It’s common knowledge that women generally live longer than men — in the U.S., the life expectancy for women is 79.1 years and for men, only 73.2. What may not be as well known is that this disparity of 5.9 years is the largest gap since the mid 1990s.1
Scientists, doctors and countless married couples have debated the causes of the discrepancy. In truth, there is no singular factor — a combination of biological, social and behavioral tendencies come together to take years off men’s lives. But for men to seek a healthy lifestyle that includes medical care, they need assurance that doing so won’t cause a hefty hit to their wallets. When employers give their workforce a way to manage their health by offering robust benefits, they’re supporting men’s particular health needs along the way.
Men’s health risks: More than just biological differences
In some respects, men and women have similar health concerns. Heart disease remains the No. 1 killer of both men and women.2 COVID-19 has contributed to the lower life expectancy, particularly for men.1 People of all genders are commonly diagnosed with cancer, diabetes and infectious diseases such as the flu. And it’s important for everyone to eat a nutritious diet, move their bodies every day and maintain a healthy weight.

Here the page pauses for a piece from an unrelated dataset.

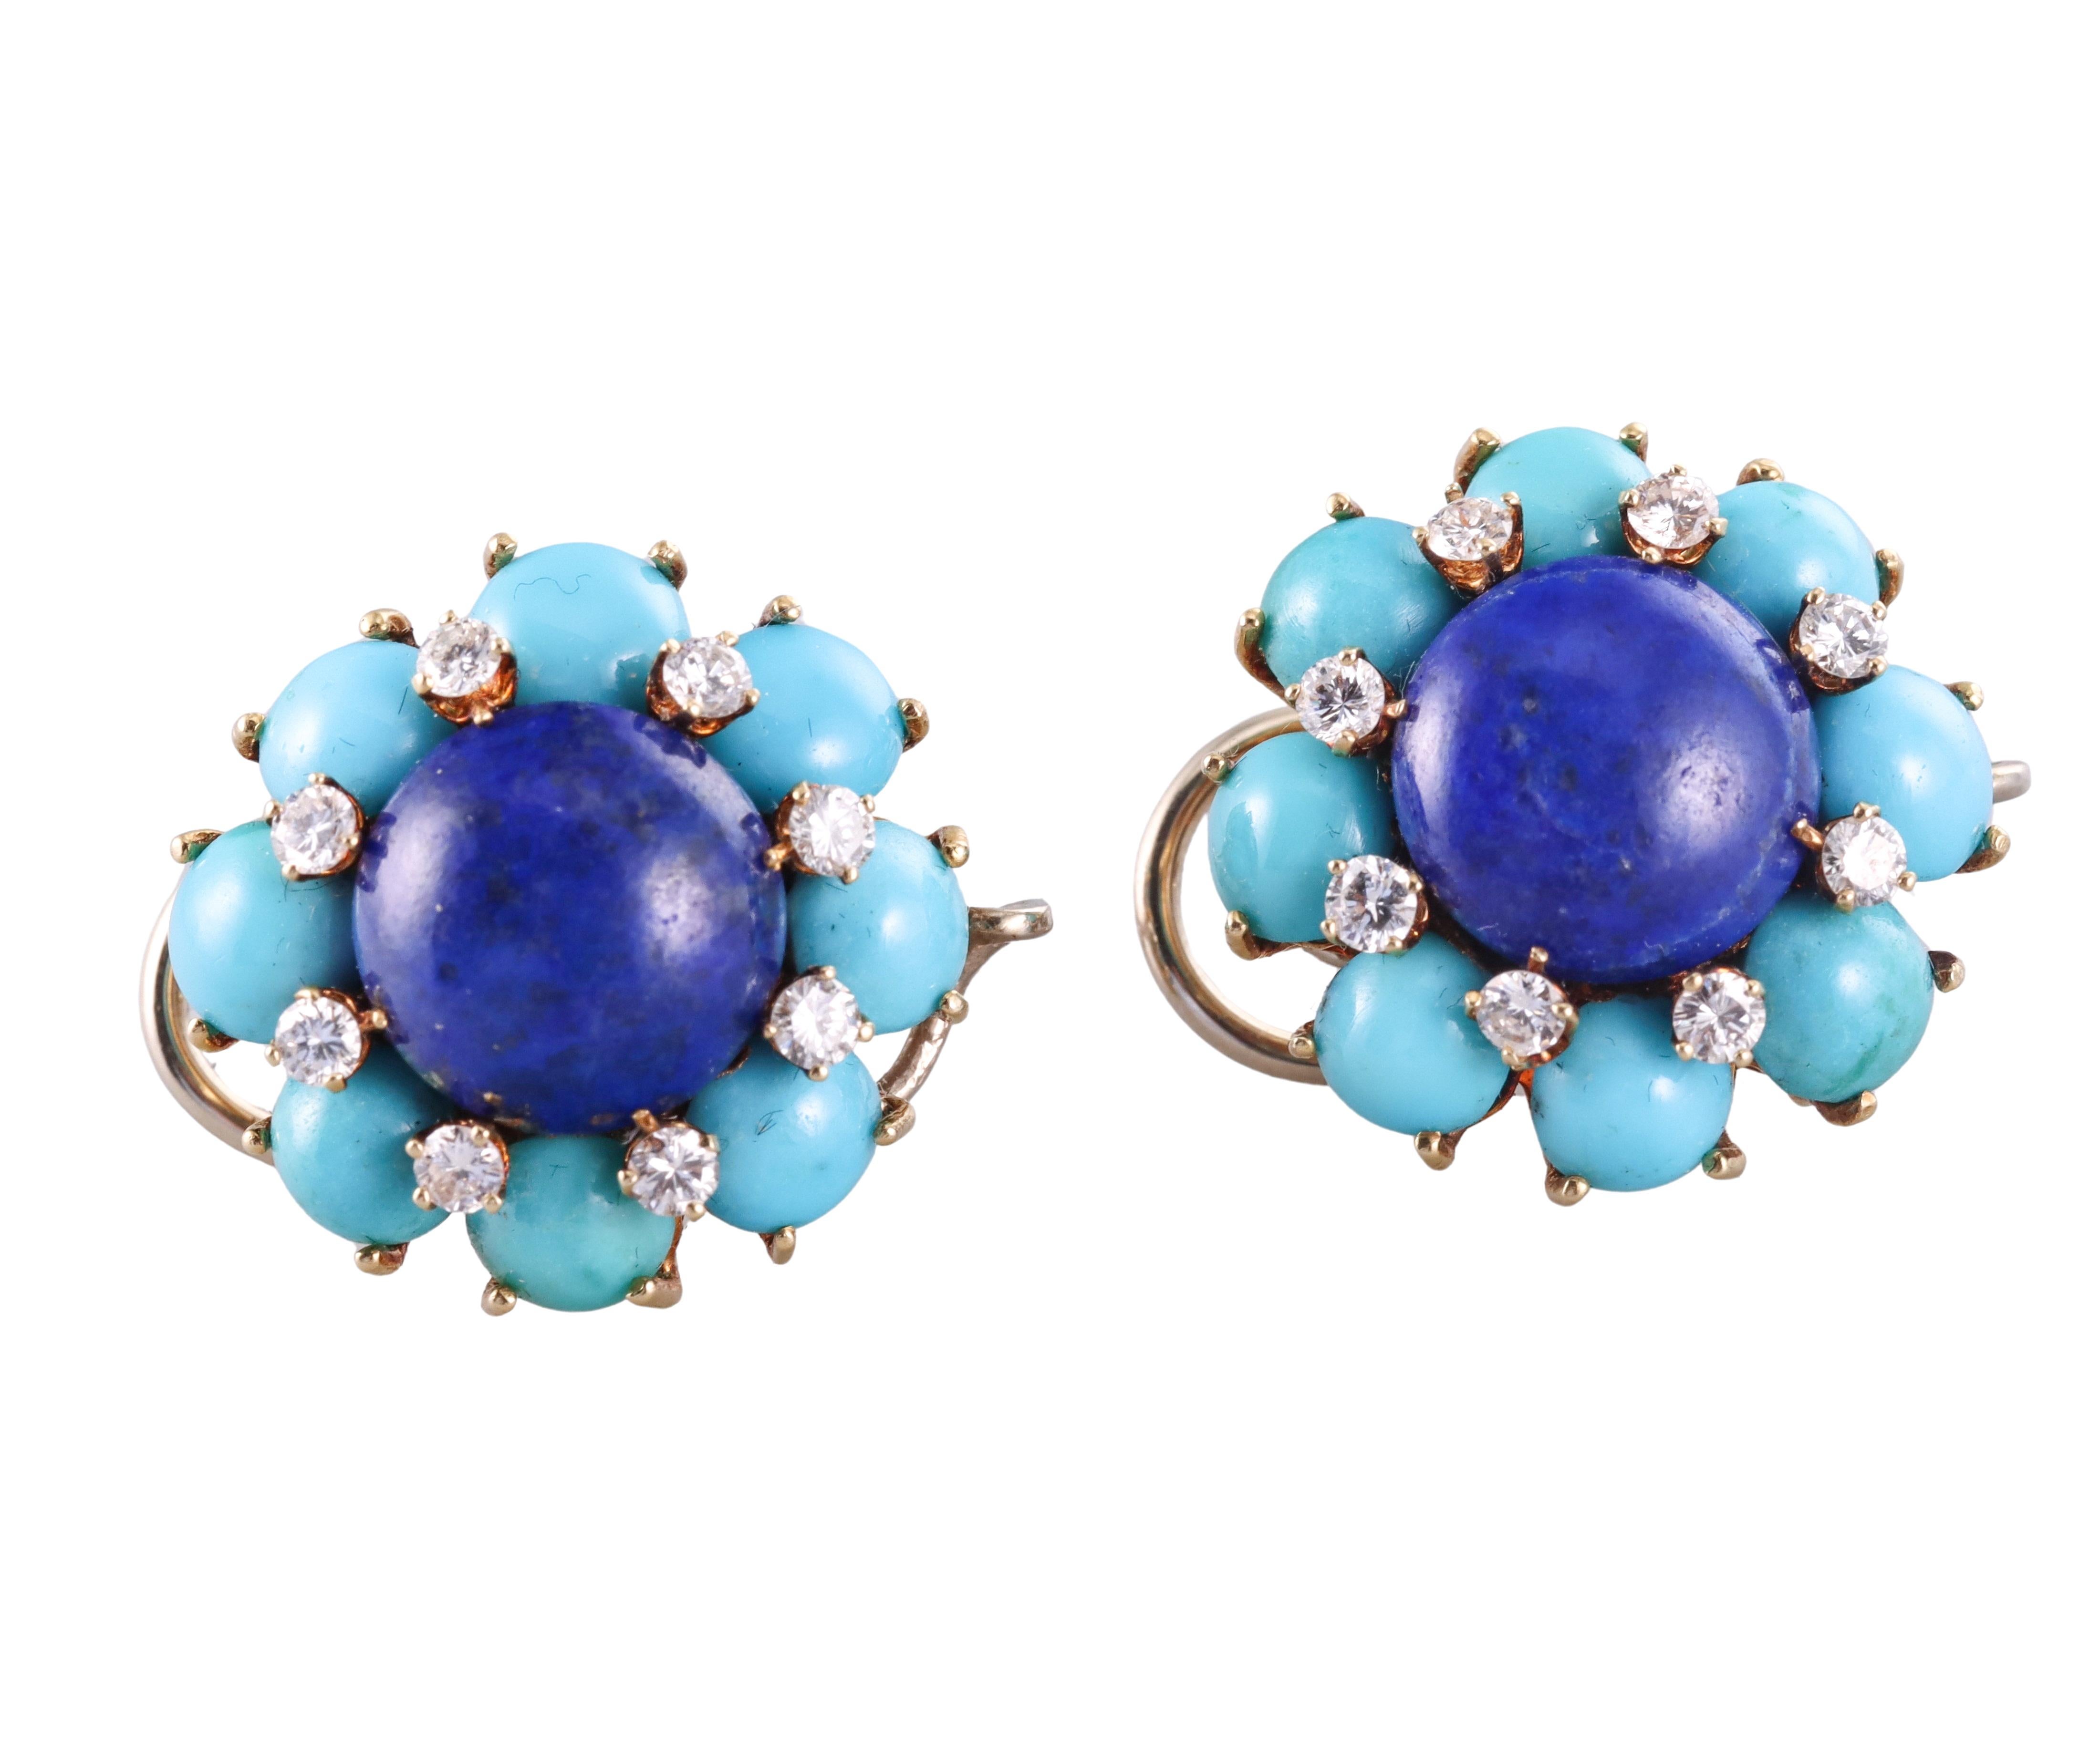 Pair of delicate vintage earrings by Cartier, set in 18k gold, featuring lapis lazuli in the center, surrounded with turquoise and a total of approximately 0.70ctw G/VS diamonds. Earrings measure 0.75

But men face some harsh health realities all their own, and not just in male-specific diseases such as prostate cancer. Men are more likely to experience chronic health conditions earlier than women. They’re more likely to deal with heart disease, Parkinson's disease, melanoma, pancreatic cancer, an abdominal aortic aneurysm, gout and kidney stones.3
Men are also at a higher risk of cirrhosis and are twice as likely to have primary liver cancer. They're more likely to die from these diseases than women, partly because it's more common for men to use alcohol excessively.4
Speaking in generalities, men typically engage in riskier behaviors than women, such as drug and alcohol use, smoking and reckless driving. Sadly, depression in men often goes undetected, and suicides are prevalent. Men die by suicide nearly four times more often than women.5
For many reasons, men are just not inclined to go to a doctor or seek attention for their health issues. There’s the “boys don’t cry” mentality, which starts with young boys but continues for men as they grow older and "man up." Asking for or accepting help is often seen as a sign of weakness.6 About two-thirds of men put off visiting a doctor as long as possible when they’re dealing with symptoms of an illness or injury, according to a Cleveland Clinic survey. Seven in 10 men would rather do household chores, like cleaning the bathroom or mowing the lawn, than go to the doctor.6
Doctor's office hours often don't fit men's work schedules. And when they do go for a visit, they receive briefer explanations from the physician, and receive less advice about how to reduce their risk factors.6
The impact can be significant: Untreated medical conditions lead to costlier care down the line, medical emergencies and even premature death.
Providing benefits that promote men’s health
Of course, as many loved ones have learned the hard way, you can’t make people go to the doctor or take a more active interest in improving their health.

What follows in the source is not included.